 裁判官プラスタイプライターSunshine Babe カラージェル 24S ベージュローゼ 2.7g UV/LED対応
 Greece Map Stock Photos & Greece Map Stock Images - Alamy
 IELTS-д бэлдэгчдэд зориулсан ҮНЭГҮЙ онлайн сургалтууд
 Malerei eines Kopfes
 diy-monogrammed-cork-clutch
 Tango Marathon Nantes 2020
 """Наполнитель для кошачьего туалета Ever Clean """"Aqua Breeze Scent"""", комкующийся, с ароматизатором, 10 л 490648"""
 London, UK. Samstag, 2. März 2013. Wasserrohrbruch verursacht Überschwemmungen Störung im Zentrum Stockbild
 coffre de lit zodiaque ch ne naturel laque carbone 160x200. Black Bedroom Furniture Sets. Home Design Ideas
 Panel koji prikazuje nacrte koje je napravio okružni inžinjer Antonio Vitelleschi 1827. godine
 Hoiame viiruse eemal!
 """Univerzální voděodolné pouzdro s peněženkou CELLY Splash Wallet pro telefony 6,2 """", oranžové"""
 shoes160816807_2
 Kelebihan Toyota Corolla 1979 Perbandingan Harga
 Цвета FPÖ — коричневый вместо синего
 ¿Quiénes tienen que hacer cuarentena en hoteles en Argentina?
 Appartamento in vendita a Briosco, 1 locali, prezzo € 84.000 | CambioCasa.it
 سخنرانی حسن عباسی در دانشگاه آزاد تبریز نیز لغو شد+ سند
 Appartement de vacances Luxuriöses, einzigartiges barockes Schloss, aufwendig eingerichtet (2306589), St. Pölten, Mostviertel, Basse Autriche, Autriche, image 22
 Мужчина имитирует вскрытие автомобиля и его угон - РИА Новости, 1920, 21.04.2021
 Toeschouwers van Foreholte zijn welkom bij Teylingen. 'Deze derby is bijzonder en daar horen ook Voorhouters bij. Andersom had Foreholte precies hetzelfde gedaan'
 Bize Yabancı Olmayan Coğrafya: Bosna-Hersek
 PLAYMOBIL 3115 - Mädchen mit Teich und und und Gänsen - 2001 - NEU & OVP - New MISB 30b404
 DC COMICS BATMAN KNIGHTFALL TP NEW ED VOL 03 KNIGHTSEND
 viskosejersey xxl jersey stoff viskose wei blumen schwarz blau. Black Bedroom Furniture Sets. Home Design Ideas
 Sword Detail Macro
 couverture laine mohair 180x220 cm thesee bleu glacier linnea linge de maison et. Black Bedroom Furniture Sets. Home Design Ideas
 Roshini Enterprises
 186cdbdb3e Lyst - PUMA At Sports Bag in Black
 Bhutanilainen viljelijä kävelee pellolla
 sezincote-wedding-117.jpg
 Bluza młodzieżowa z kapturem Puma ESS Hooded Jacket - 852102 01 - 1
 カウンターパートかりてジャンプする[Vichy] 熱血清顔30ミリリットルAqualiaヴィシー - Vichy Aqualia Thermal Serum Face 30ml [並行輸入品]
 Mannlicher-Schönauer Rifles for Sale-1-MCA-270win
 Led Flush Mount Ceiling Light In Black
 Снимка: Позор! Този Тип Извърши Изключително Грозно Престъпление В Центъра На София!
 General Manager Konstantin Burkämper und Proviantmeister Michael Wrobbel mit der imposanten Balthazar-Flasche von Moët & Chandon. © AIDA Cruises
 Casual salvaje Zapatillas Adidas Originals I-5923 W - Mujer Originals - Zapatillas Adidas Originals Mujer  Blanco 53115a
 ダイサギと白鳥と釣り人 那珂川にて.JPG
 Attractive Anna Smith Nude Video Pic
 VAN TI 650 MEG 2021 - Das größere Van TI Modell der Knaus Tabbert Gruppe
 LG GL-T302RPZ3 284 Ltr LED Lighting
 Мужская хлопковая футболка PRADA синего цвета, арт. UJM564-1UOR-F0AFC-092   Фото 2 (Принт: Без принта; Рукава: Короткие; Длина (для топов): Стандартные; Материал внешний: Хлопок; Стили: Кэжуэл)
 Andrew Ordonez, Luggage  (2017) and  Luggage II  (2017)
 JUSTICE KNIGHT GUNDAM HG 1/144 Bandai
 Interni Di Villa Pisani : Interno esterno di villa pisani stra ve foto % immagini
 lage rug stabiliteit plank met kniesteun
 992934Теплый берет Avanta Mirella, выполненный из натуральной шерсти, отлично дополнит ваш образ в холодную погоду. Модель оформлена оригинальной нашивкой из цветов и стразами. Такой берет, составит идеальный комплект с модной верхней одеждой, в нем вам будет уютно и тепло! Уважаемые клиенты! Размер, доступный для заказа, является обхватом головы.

******************************

Print only what lies in the material above starting at the line with "Appartement de vacances" and ending at the line with "General Manager Konstantin", every line exactly as given.

Answer to the problem –
 Appartement de vacances Luxuriöses, einzigartiges barockes Schloss, aufwendig eingerichtet (2306589), St. Pölten, Mostviertel, Basse Autriche, Autriche, image 22
 Мужчина имитирует вскрытие автомобиля и его угон - РИА Новости, 1920, 21.04.2021
 Toeschouwers van Foreholte zijn welkom bij Teylingen. 'Deze derby is bijzonder en daar horen ook Voorhouters bij. Andersom had Foreholte precies hetzelfde gedaan'
 Bize Yabancı Olmayan Coğrafya: Bosna-Hersek
 PLAYMOBIL 3115 - Mädchen mit Teich und und und Gänsen - 2001 - NEU & OVP - New MISB 30b404
 DC COMICS BATMAN KNIGHTFALL TP NEW ED VOL 03 KNIGHTSEND
 viskosejersey xxl jersey stoff viskose wei blumen schwarz blau. Black Bedroom Furniture Sets. Home Design Ideas
 Sword Detail Macro
 couverture laine mohair 180x220 cm thesee bleu glacier linnea linge de maison et. Black Bedroom Furniture Sets. Home Design Ideas
 Roshini Enterprises
 186cdbdb3e Lyst - PUMA At Sports Bag in Black
 Bhutanilainen viljelijä kävelee pellolla
 sezincote-wedding-117.jpg
 Bluza młodzieżowa z kapturem Puma ESS Hooded Jacket - 852102 01 - 1
 カウンターパートかりてジャンプする[Vichy] 熱血清顔30ミリリットルAqualiaヴィシー - Vichy Aqualia Thermal Serum Face 30ml [並行輸入品]
 Mannlicher-Schönauer Rifles for Sale-1-MCA-270win
 Led Flush Mount Ceiling Light In Black
 Снимка: Позор! Този Тип Извърши Изключително Грозно Престъпление В Центъра На София!
 General Manager Konstantin Burkämper und Proviantmeister Michael Wrobbel mit der imposanten Balthazar-Flasche von Moët & Chandon. © AIDA Cruises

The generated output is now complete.